低身長の人の、視線の置き場のこと。

「低身長だから、ロング丈は避けて」 「ハイウエストで脚を長く見せて」 「縦のラインを意識して」
こうした助言は、 正しいけれど、 少し疲れます。
毎朝の鏡の前で、 "いかに身長を盛るか"の戦略を、 組み立て直すのは、 本当の意味で 自分のための装いとは 言えない気がして。
低身長で本当に大切なのは、 身長を伸ばすことではなく、 視線をどこに置くか を 自分で選ぶことです。
低身長の縦ライン・ハイウエストパンツとブラウス
視線が落ち着く場所を作る
人は、 誰かを見るとき、 必ずどこかに視線が止まります。
何も設計していない装いだと、 視線は無作為に泳ぎ、 "全体的に小さい人" という印象だけが残ってしまう。
逆に、 視線を置きたい場所を 意識して作ってあげると、 身長の話は背景に下がります。
たとえば、
- 顔回りに、明るい色の襟
- 胸元に、繊細なネックレス
- ウエストに、しなやかなベルト
- 足元に、印象的なシューズ
視線が"そこ"に止まる場所を、 一つだけ作る。
複数作るとうるさくなるので、 一つで十分です。
縦より「重心」
縦のラインを作るより、 重心を上に置く方が、 低身長の装いを軽くします。
重心が下にあると (ボリュームのあるスカート、 重い色のボトムスなど)、 身体が引っ張られて見える。

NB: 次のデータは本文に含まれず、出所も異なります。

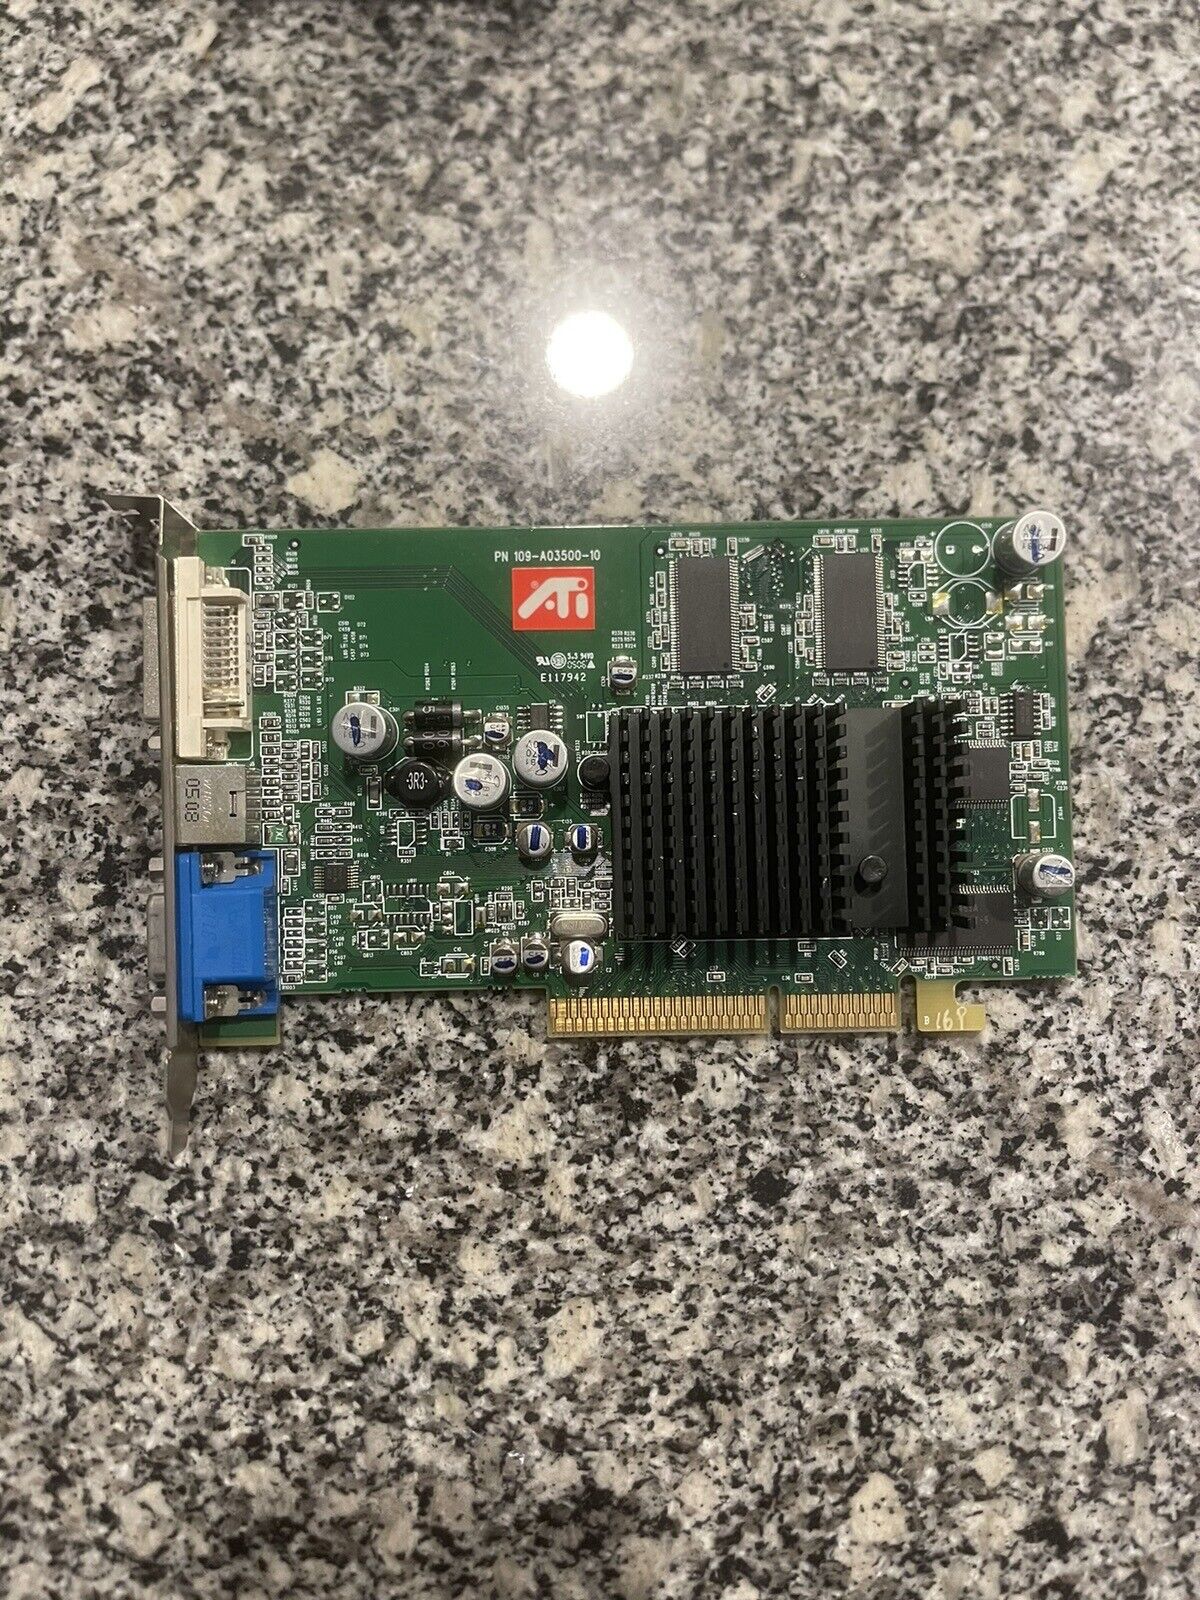 ATI Radeon 9550 AGP Video Card 109-A03500-10

重心が上にあると (明るい色のトップス、 ウエストマークの位置を高く)、 身体がふわっと浮いて見える。
縦に伸ばすのではなく、 "上に持ち上げる"。 そのほうが、 姿勢も自然と良くなります。
低身長の女性が上重心の装いで立つ
数字より、自分の輪郭
身長が何センチか、 というのは、 ただの一つの数字です。
その数字から、 "こう着るべき"という規則を 逆算するのは、 他人の物差しを、 自分の身体にあてているようなもの。
代わりに、 鏡の前で、 今日の自分が 気持ちよく立てているかを、 ただ確かめる。
それだけで、 装いは "身長を盛る戦略"から、 "自分の輪郭を整える時間" へと変わっていきます。
低身長は、悩みではありません。 ただの、 あなたの輪郭の一つです。
よくある問い
- Q. 低身長は本当にロング丈を避けた方がいい?
- 一律に避ける必要はありません。ただし丈は『くるぶし上』『膝下』など、足首や足の甲が見える位置で切ると、重心が下に落ちにくくなります。
- Q. ハイウエストはやっぱり鉄則?
- 鉄則というより『重心を上に置く』ための一つの手段です。ハイウエストでなくても、トップスを軽い色にする・ベルトでウエストマークを高めにする、で同じ効果が出ます。
- Q. 低身長でもオーバーサイズは着られる?
- 着られます。コツは『1サイズだけ大きい』に留めること、首元と足首は必ず見せて抜きを作ること。全身ふんわりにしないことで、低身長でもオーバーサイズが軽やかに整います。